NORTHBROOK, Ill., May 25, 2023 /PRNewswire/ — Bridge to Life, Ltd. (“Bridge to Life” or the “Company”), a leading global supplier of organ preservation solutions and organ perfusion technologies, announced that it met positive criteria from interim analysis for early enrollment closure of its multicenter, randomized, controlled Bridge to HOPE Liver Clinical Trial (NCT05045794).
The Bridge to HOPE Trial is being conducted under U.S. Food and Drug Administration (FDA) approved investigational device exemption (IDE) to evaluate the clinical safety and efficacy of static cold storage (SCS), the current standard for ex-vivo organ preservation, compared to SCS followed by hypothermic oxygenated perfusion (HOPE) with the VitaSmart™ Liver Machine Perfusion System.
Results from the first 170 enrolled patients undergoing liver transplantation indicate that HOPE is statistically superior to SCS for the primary trial endpoint of early allograft dysfunction (EAD), which occurred in a significantly smaller proportion of patients in the HOPE arm compared to the SCS arm. The results were reviewed by the trial Data Safety and Monitoring Board and Bridge to Life, Ltd. subsequently closed enrollment on May 12, 2023.

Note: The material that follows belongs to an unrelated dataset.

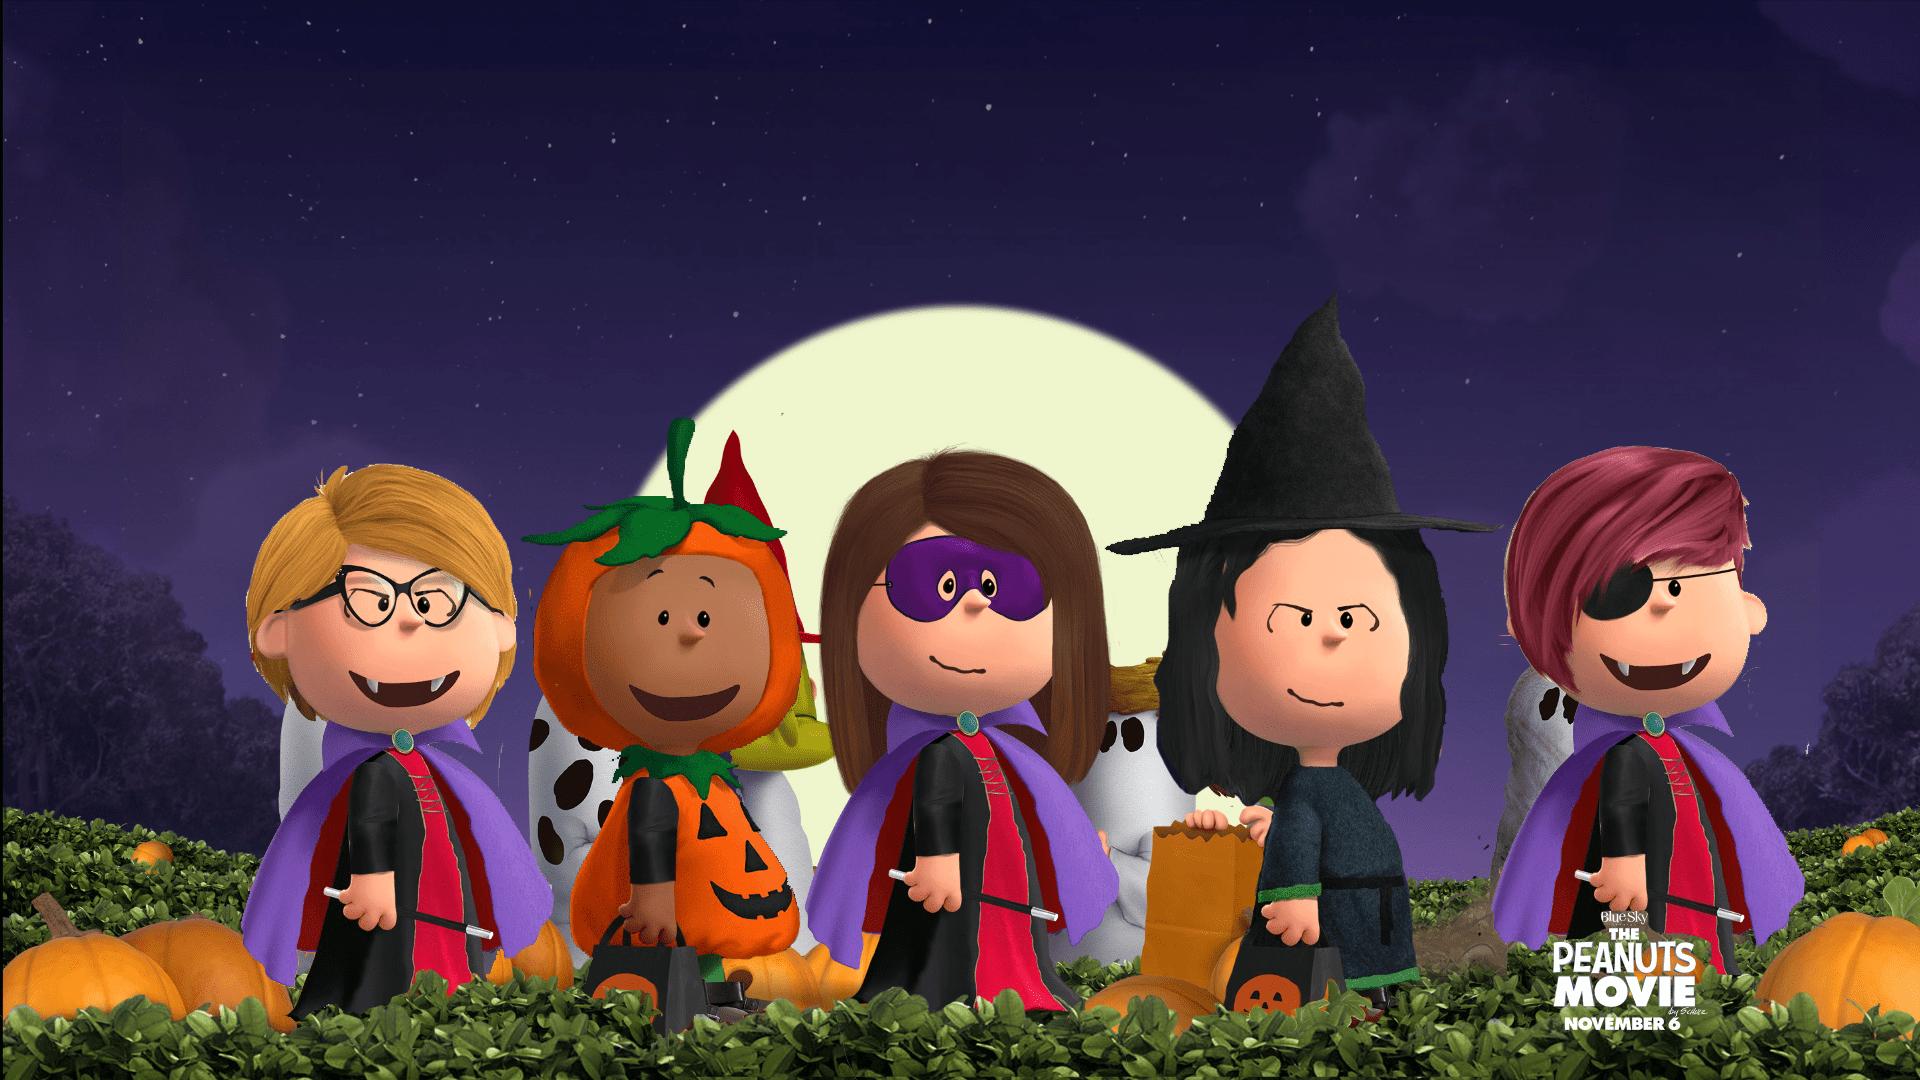 Peanuts Halloween Wallpapers Top Free Peanuts Halloween Backgrounds Wallpaperaccess
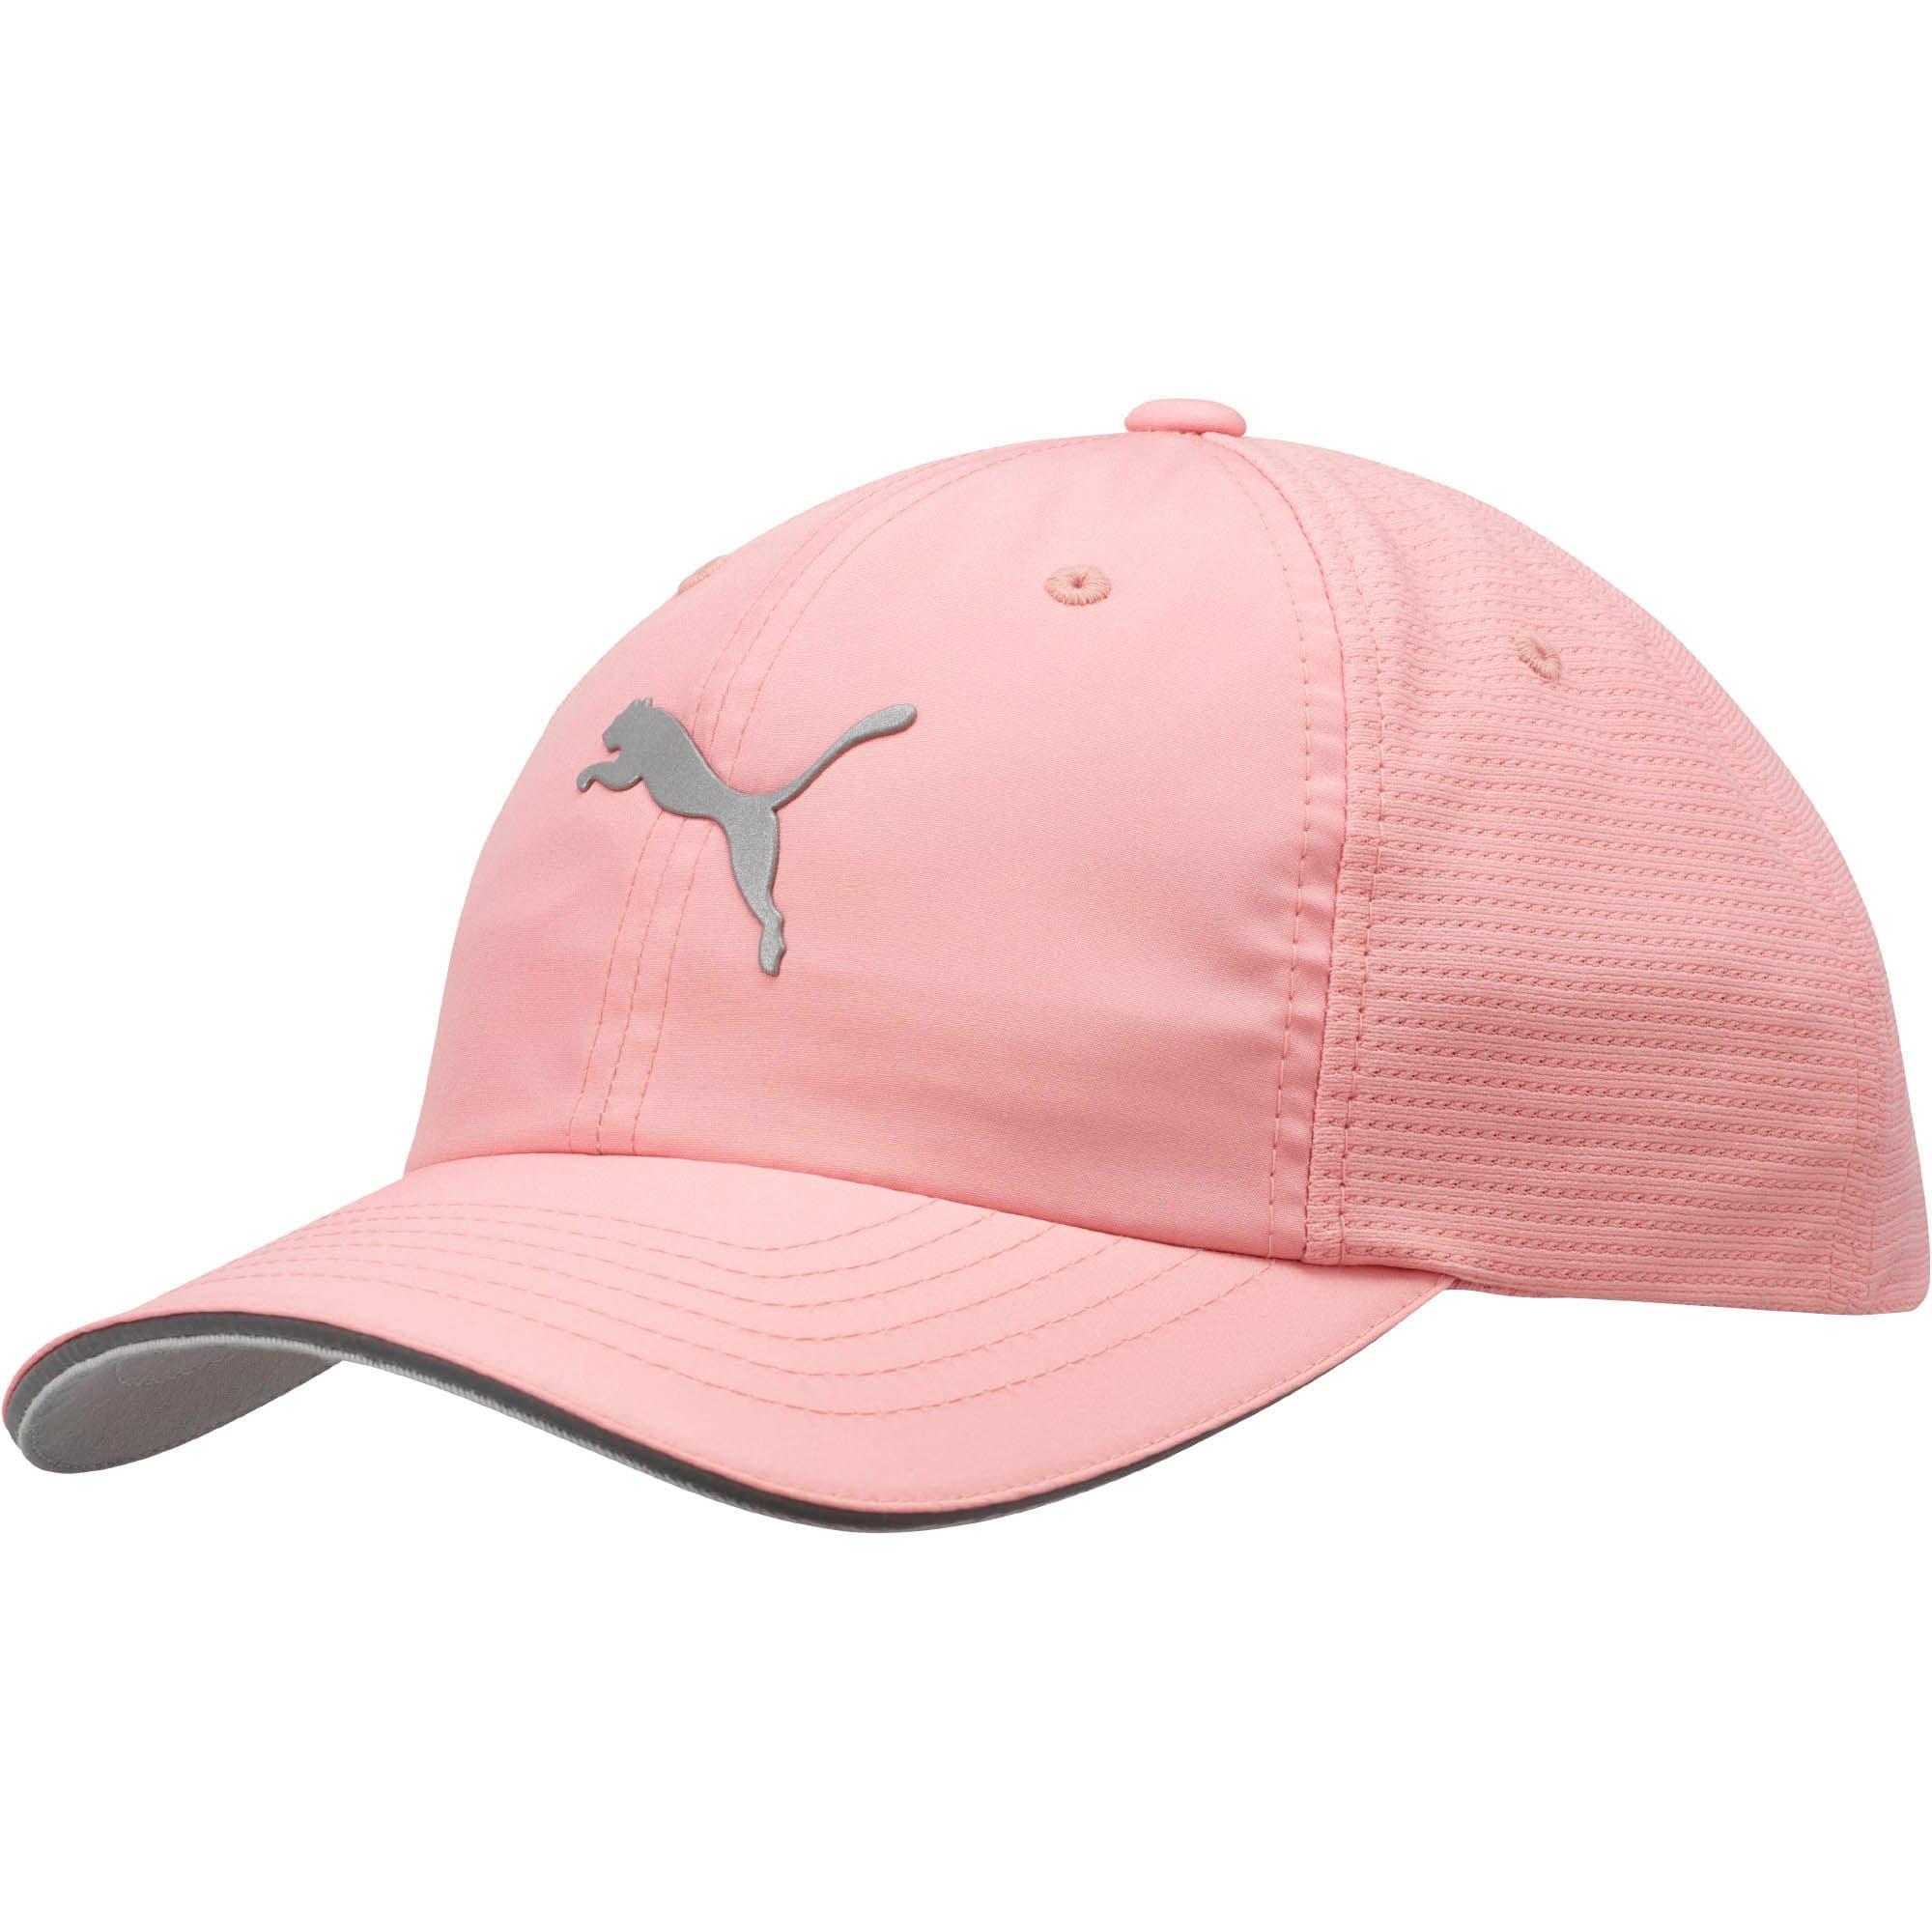 Thumbnail 1 of Mesh Running Hat, LT PASTEL PINK, medium

Interim analysis results for efficacy and safety will be presented in early June at the American Transplant Congress 2023 Meeting by David J. Reich, MD, Surgical Director of the Liver Transplant Program and Chief of Innovative Technology and Therapeutics at the Cleveland Clinic Transplant Center in Weston, FL, and Lead Investigator for the Bridge to HOPE Trial. “When several years ago we performed prototype device optimization and wrote the trial we were optimistic but didn’t anticipate such overwhelmingly positive results across the breadth of efficacy and safety outcomes,” said Dr. Reich. “This is a significant contribution to the field of machine perfusion dynamic preservation that is transforming organ transplantation. I’m exceedingly grateful to the donors and patients for making this possible, and to the investigators for their talented partnership and enthusiastic enrollment ahead of schedule.”
“We’re extremely pleased about the opportunity to stop trial enrollment early due to overwhelming efficacy results accompanied by favorable safety trends,” said Bridge to Life Chief Executive Officer Don Webber. “The fast-paced completion of enrollment is unprecedented for U.S. trials in liver machine perfusion and a testament to the tremendous effort by participating transplant center teams and simplicity of VitaSmart as a cost-effective technology to improve post-transplantation outcomes.”
The Bridge to HOPE Trial has enrolled 220 transplanted patients to date and is expected to complete patient follow-up by early summer, 2024.
About Bridge to Life
Bridge to Life is a recognized leader in organ preservation. The company distributes its products in over 50 countries and is currently enrolling patients in its multi-center, randomized, pivotal study to evaluate the safety and effectiveness of the VitaSmart System. The company also has devices in development at its Edmonton, Alberta design center for lung and heart perfusion. Through a strong focus on collaboration with surgeons and transplant professionals, Bridge to Life continues to explore emerging science and preservation technologies.